Friday, July 25th, 2008

Keep athletes within the law: Zero-tolerance policy needed

Wednesday, October 30, 1996

ETHICS:

Sports industry must decisively crack down on all convictsTwo weeks ago, there was a decision taken by a university official that was almost unprecedented in the world of college sports.

A university president, not a coach or athletic director, imposed sanctions on the school's football team when team members broke the law.

This is the situation in a nutshell: On Oct. 7, at least six members of the University of Rhode Island football team rushed into the Theta Delta Chi fraternity house, while 25 of their teammates barred every exit from the house. The six players allegedly beat up three fraternity members. Four days later, an in-house investigation was completed.

In light of the findings, university President Robert Carothers decided to forfeit the team's next game, on Oct. 19 against Connecticut, thus surrendering all revenue that the school would have taken in. Needless to say, the decision damaged the team's chances for the Yankee Conference title. This was no slap on the wrist. This was decisive action taken against a team whose members had violated the law.
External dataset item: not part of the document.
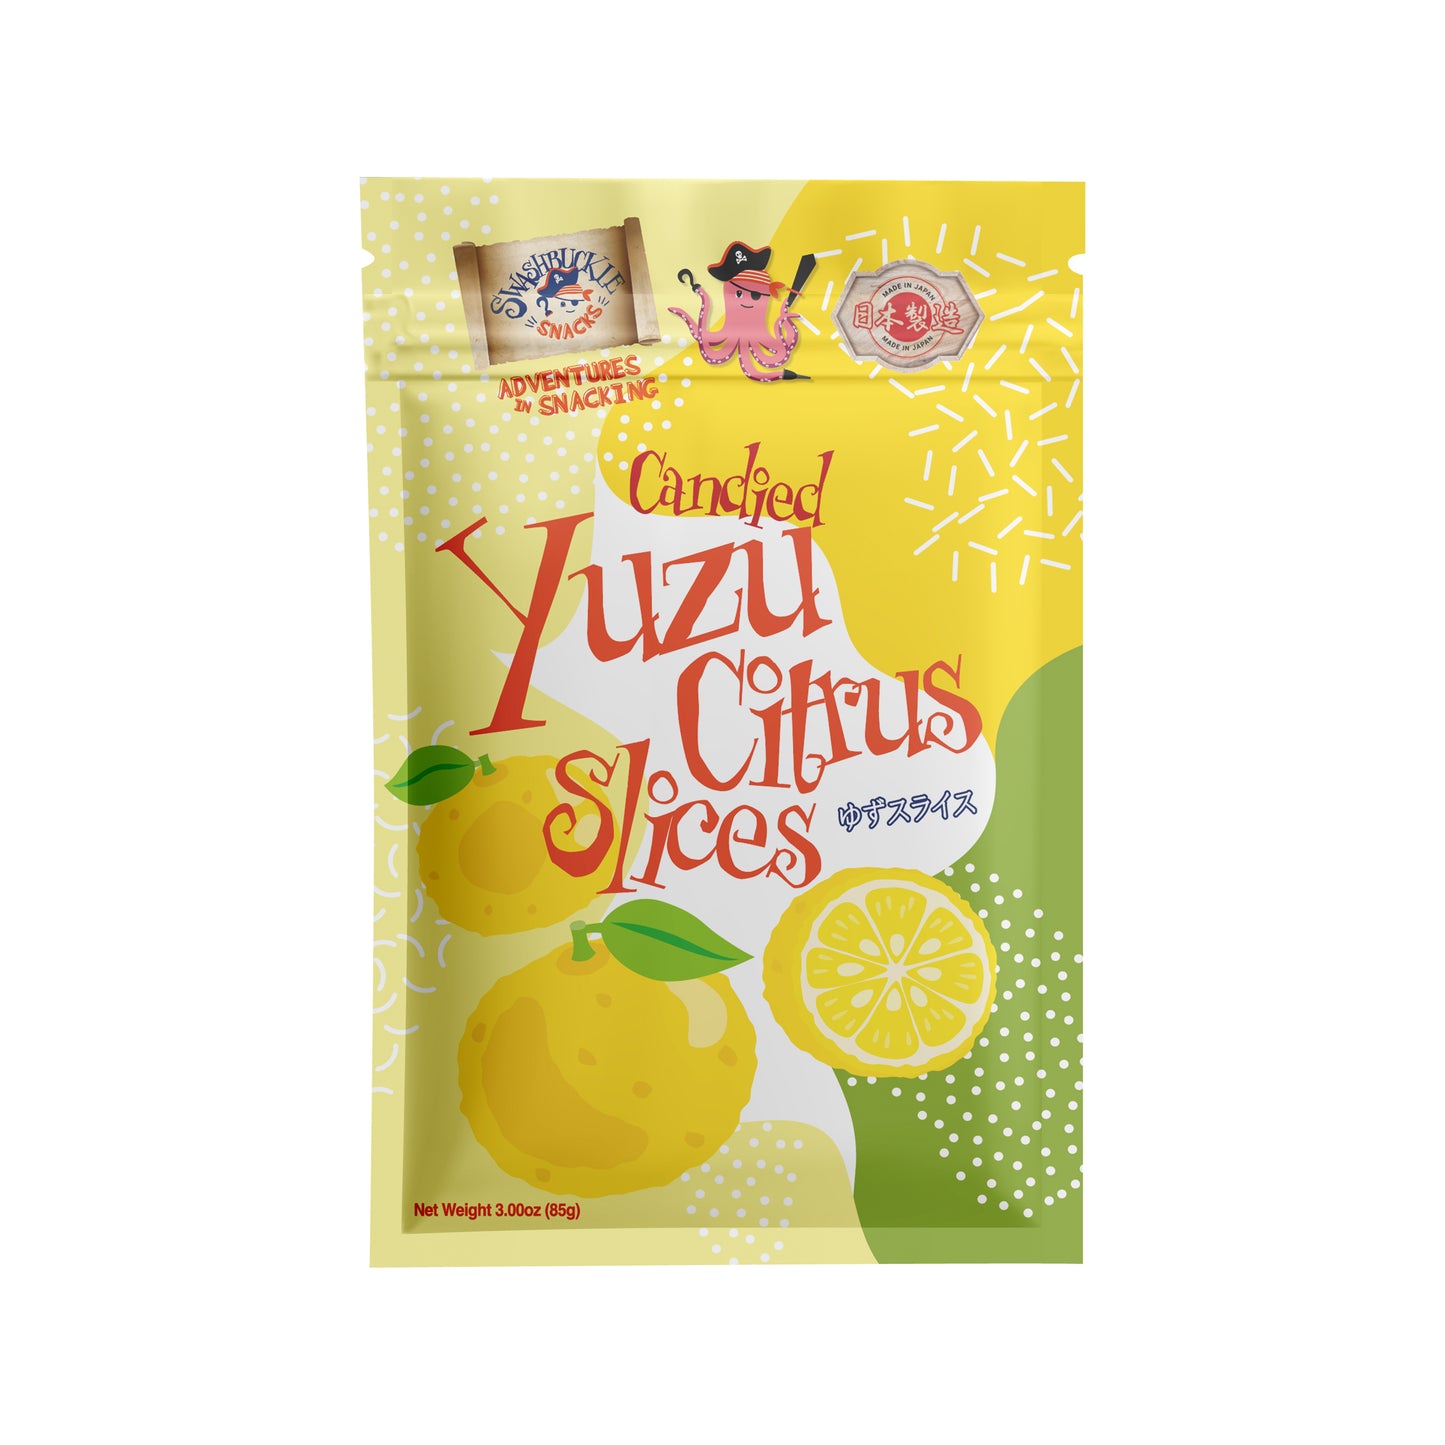 Candied Yuzu Citrus Slices 3.00oz (85g)

"This is not about football," Carothers said. "This is about community standards. This is about character."

The trailblazing doesn't stop there, for the university sanctions continued with two players being removed from the team and four others being suspended indefinitely.

This happens alongside a time when Lawrence Phillips, late of the Nebraska football team, gets convicted on battery charges for pushing his ex-girlfriend down the stairs, only to receive a four-game suspension from head coach Tom Osbourne and continued play in a national championship game. Finally, a person with the power to make a decisive ruling in light of alleged or proven judicial infractions actually does so.

This decision takes on even greater significance in light of the banter surrounding this past weekend's marquee matchup in pro football, with Barry Switzer coaching the Cowboys against Jimmy Johnson's Dolphins.

I will never forget a Sports Illustrated cover in 1987 with then-star Oklahoma Sooner quarterback Charles Thompson being led to a police car in handcuffs after being convicted on drug trafficking charges and sentenced to prison.

This event was just the final straw that finally got Switzer booted out of Oklahoma after a tenure that saw steroid abuse, machine gun fire from the football dorm, fights and charges of sexual assault. The sad part was that the school's administration stood idly by, counting the Sooners' take from the Orange Bowl.

Or how about Jimmy Johnson's University of Miami football program, comprised of teams that were so notorious that the word "convicts" was interchangeable with "Hurricanes". His grip and the grip of Dennis Erickson (now with the Seattle Seahawks) were so loose that Sports Illustrated called for the temporary termination of the program in a cover story.

Through all of the hype leading up to the game this Sunday, there was no mention of the shameless way these men allowed their teams to flaunt the law and continue playing while the universities seemed to do little, if anything, to stem the tide.

The worst in all of this is the way that the University of Nebraska has handled the exploits of Tom Osbourne's team.

When the Cornhuskers won the national championship a year ago, they had on the field at some point or another a convicted batterer in Phillips, a wide receiver with attempted murder charges pending in Riley Washington and a defensive lineman, Christian Peter, who had served out a conviction for sexual abuse.

It is infuriating that the University of Nebraska administration would have allowed people like this to represent their institution, not to mention allowing them to attend the school on scholarships.

This blatant disregard is brought into even more stark relief by this fact: When the New England Patriots drafted Peter and found out about his track record, they promptly cut him. Now let's compare: an institute of higher learning allows Peter to stay in school while the NFL, not known for it's scruples, doesn't pick him up.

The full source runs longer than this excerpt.